| Action item |
Given the records underneath, please repeat exactly the lines from the line with "Window Liquidators | LinkedIn" through the line with "Adventskalender Filme.de 2019 Anzeige", passing over any picture.

| Task data |
Content starts
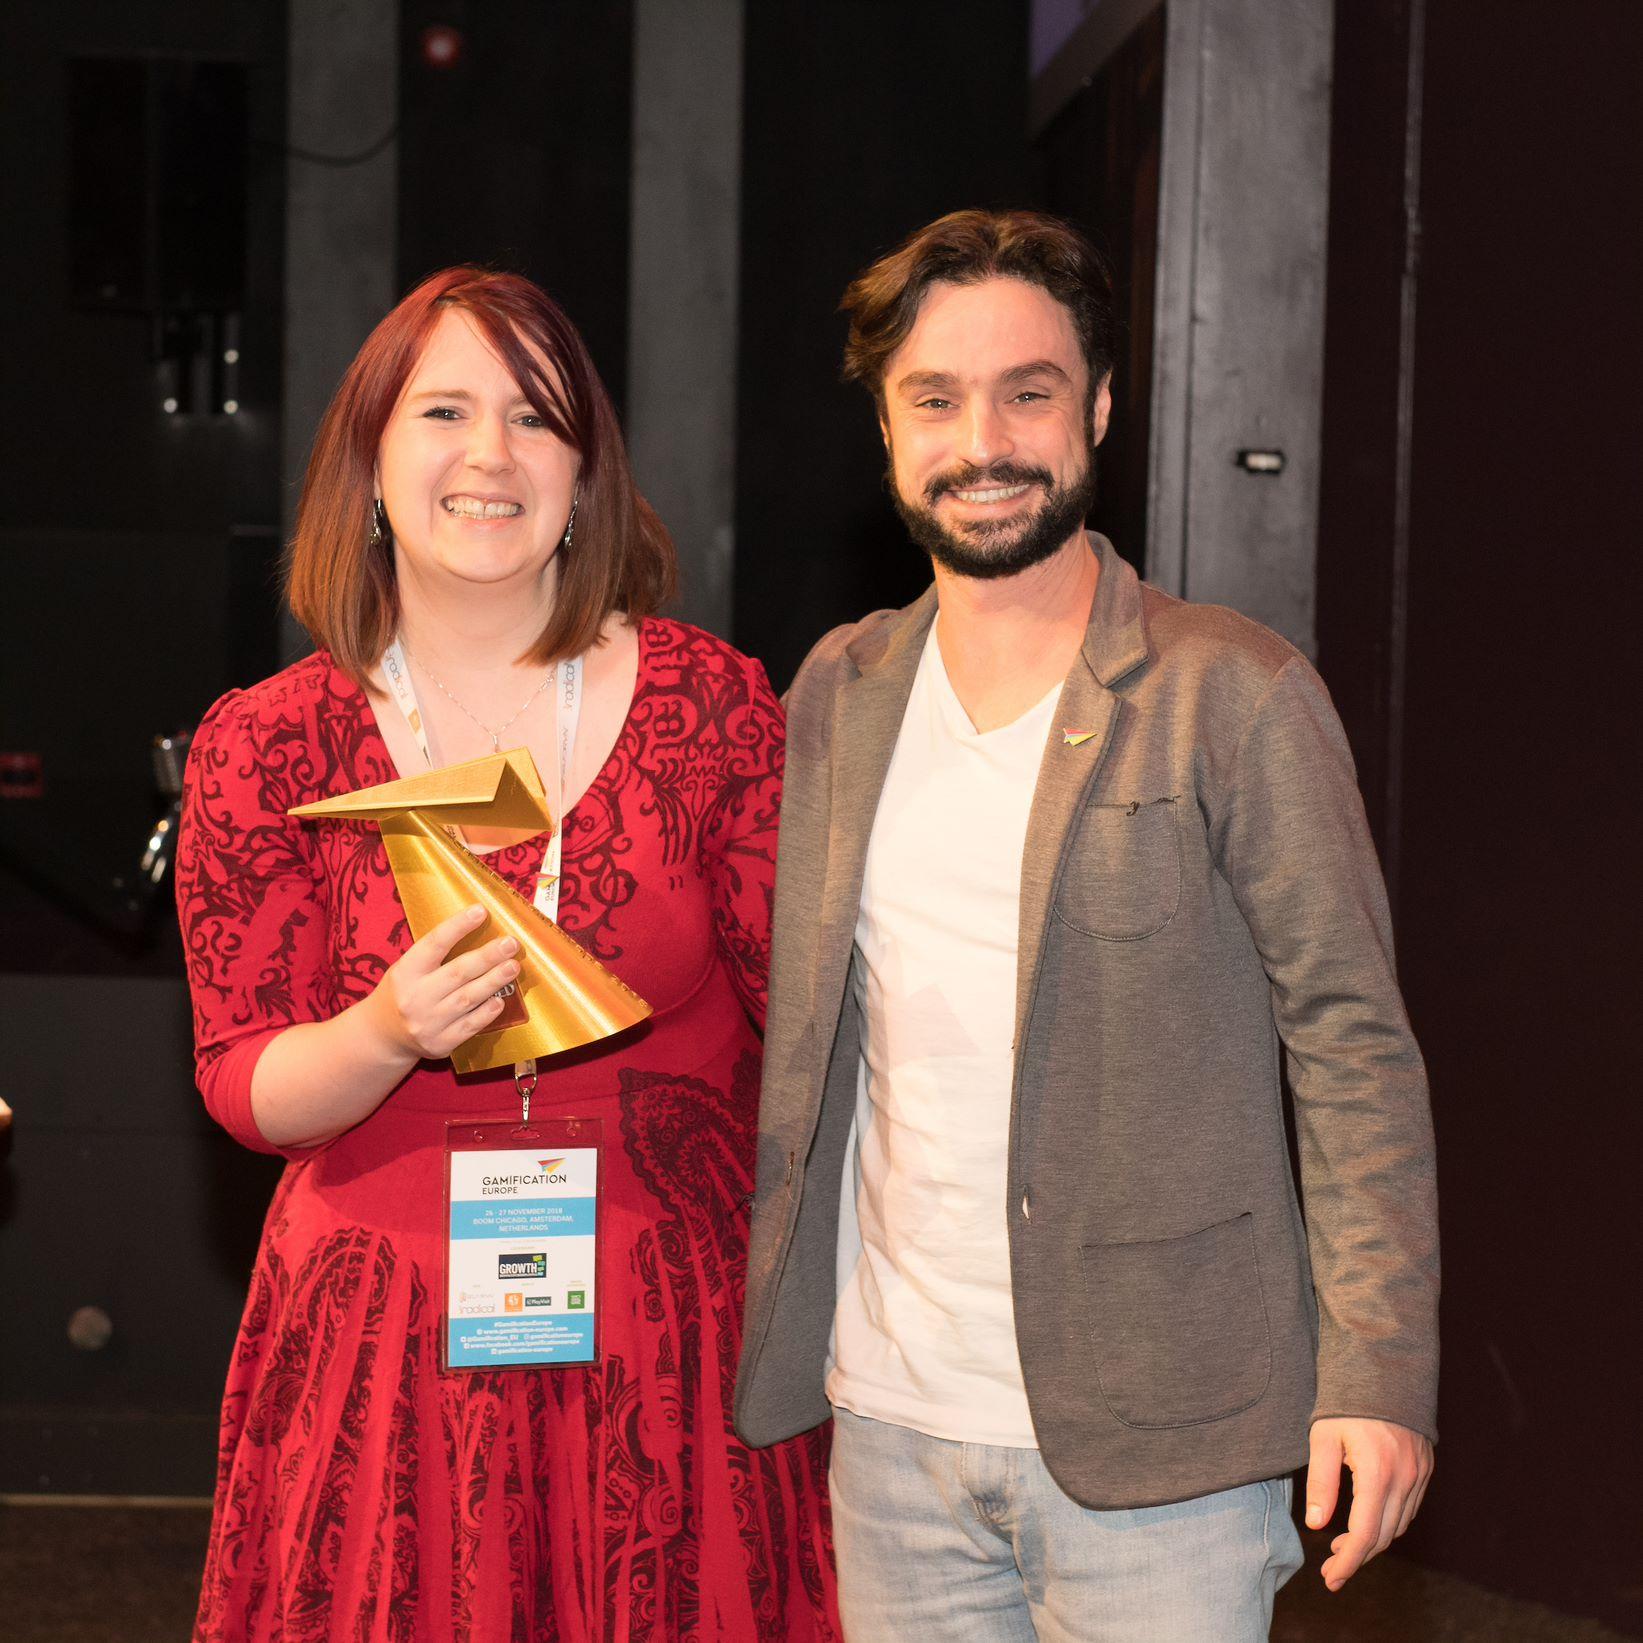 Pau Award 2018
Content ends
Content starts
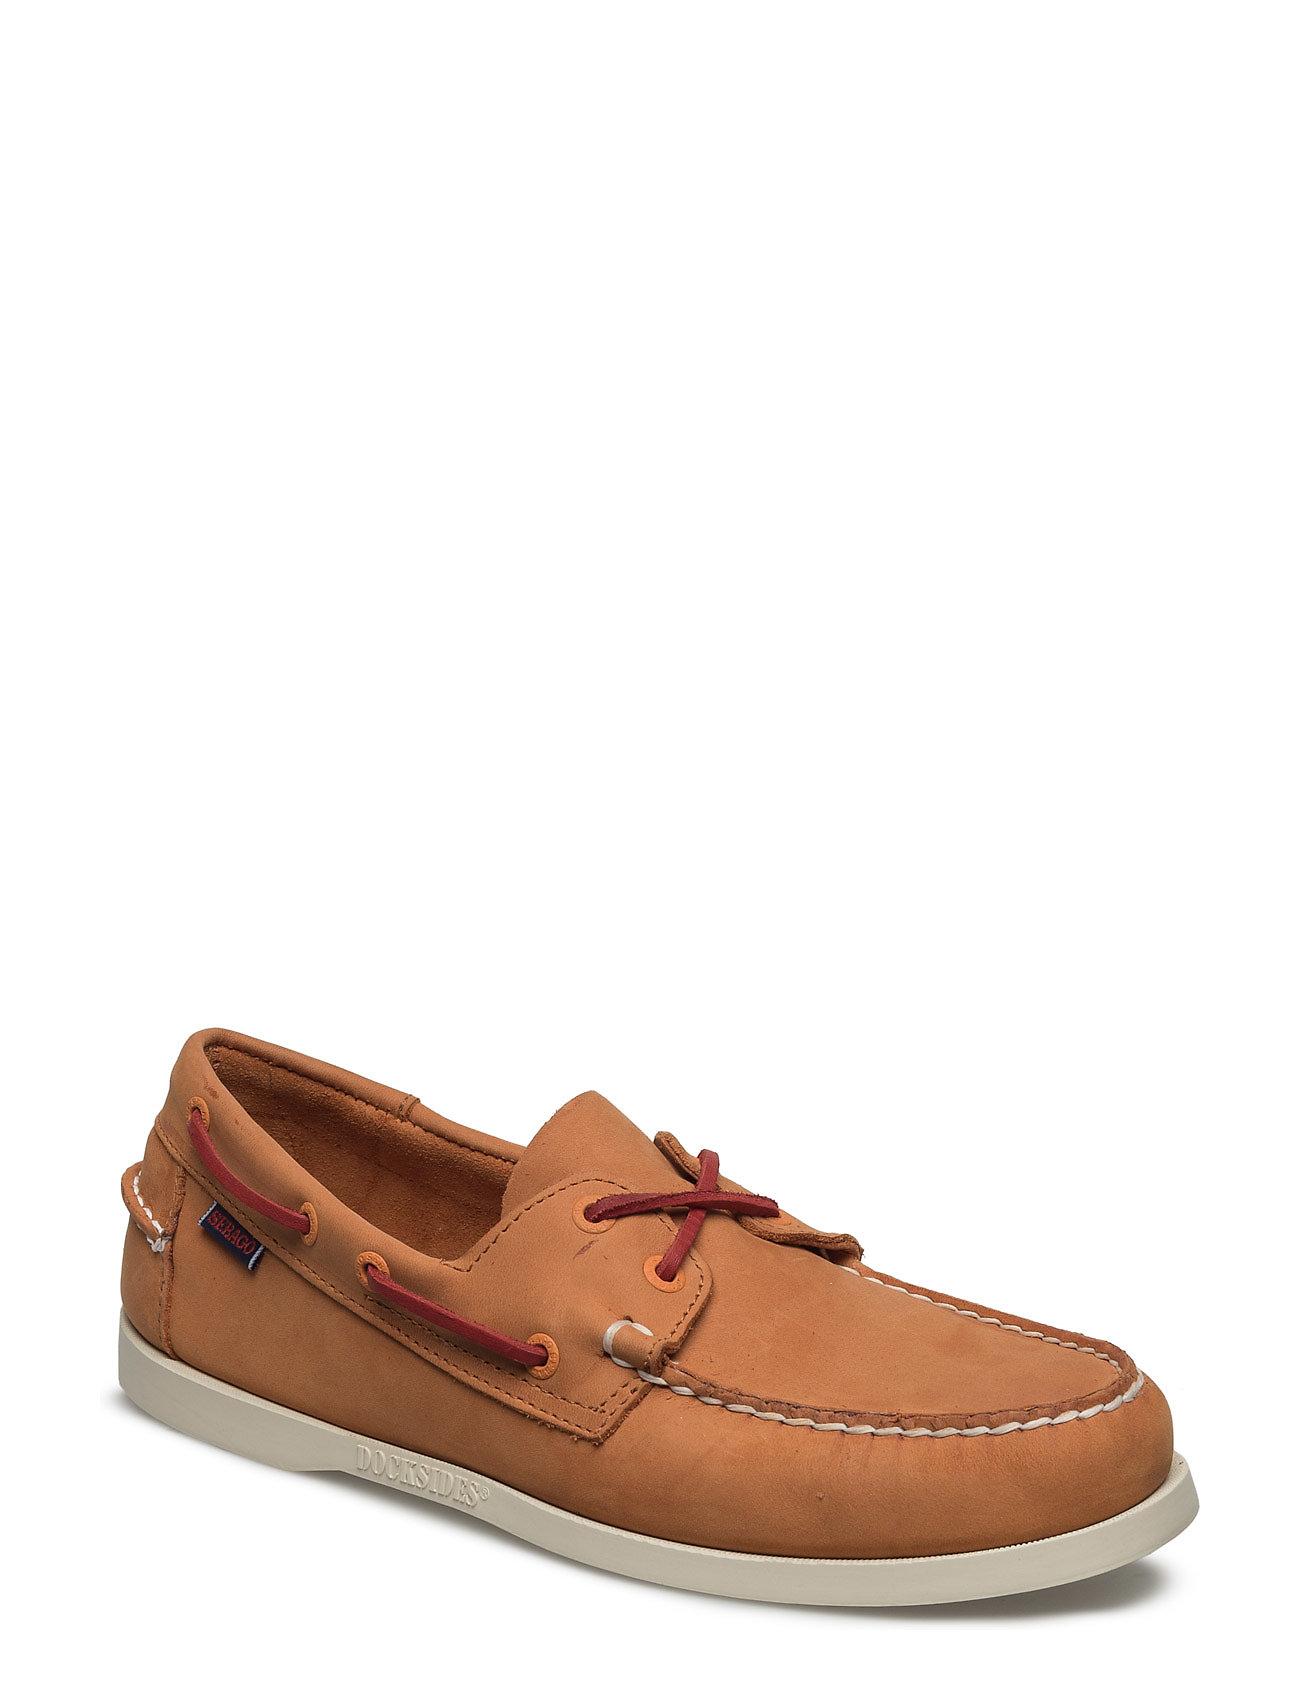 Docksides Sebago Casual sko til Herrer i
Content ends
Content starts
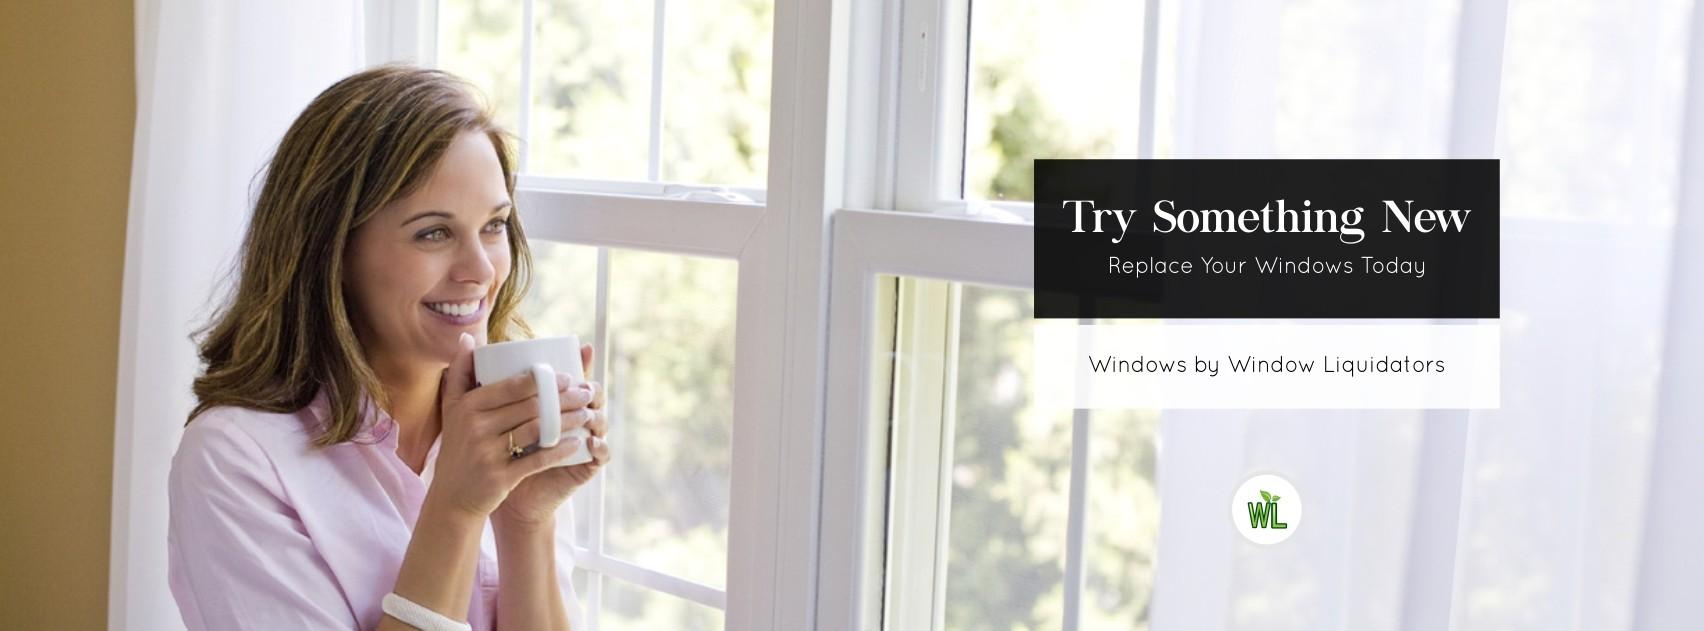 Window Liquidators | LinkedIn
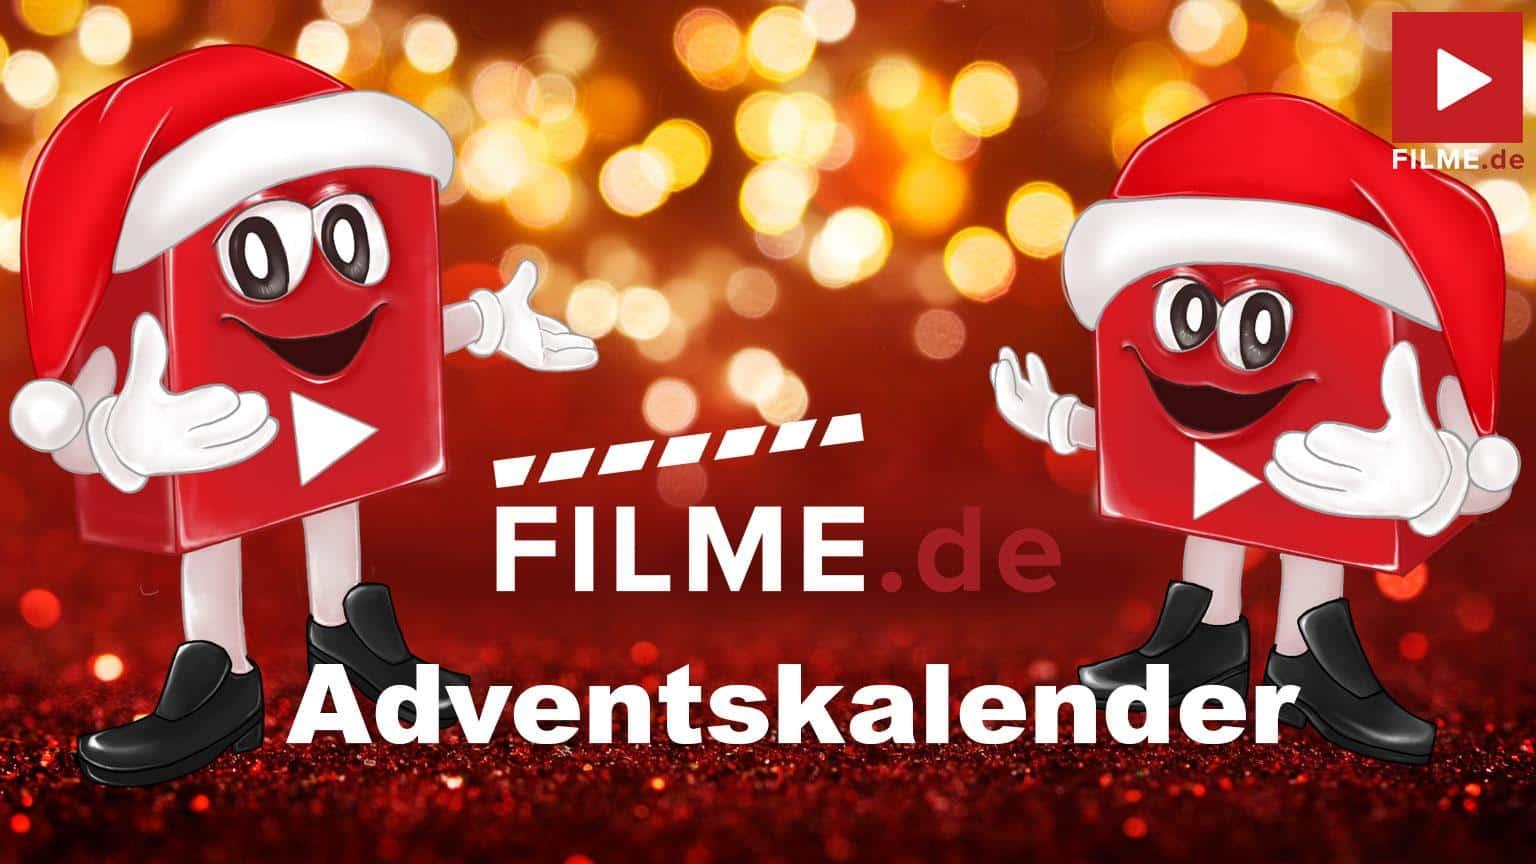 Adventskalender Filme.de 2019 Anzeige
Content ends
| Result |
 Window Liquidators | LinkedIn
 Adventskalender Filme.de 2019 Anzeige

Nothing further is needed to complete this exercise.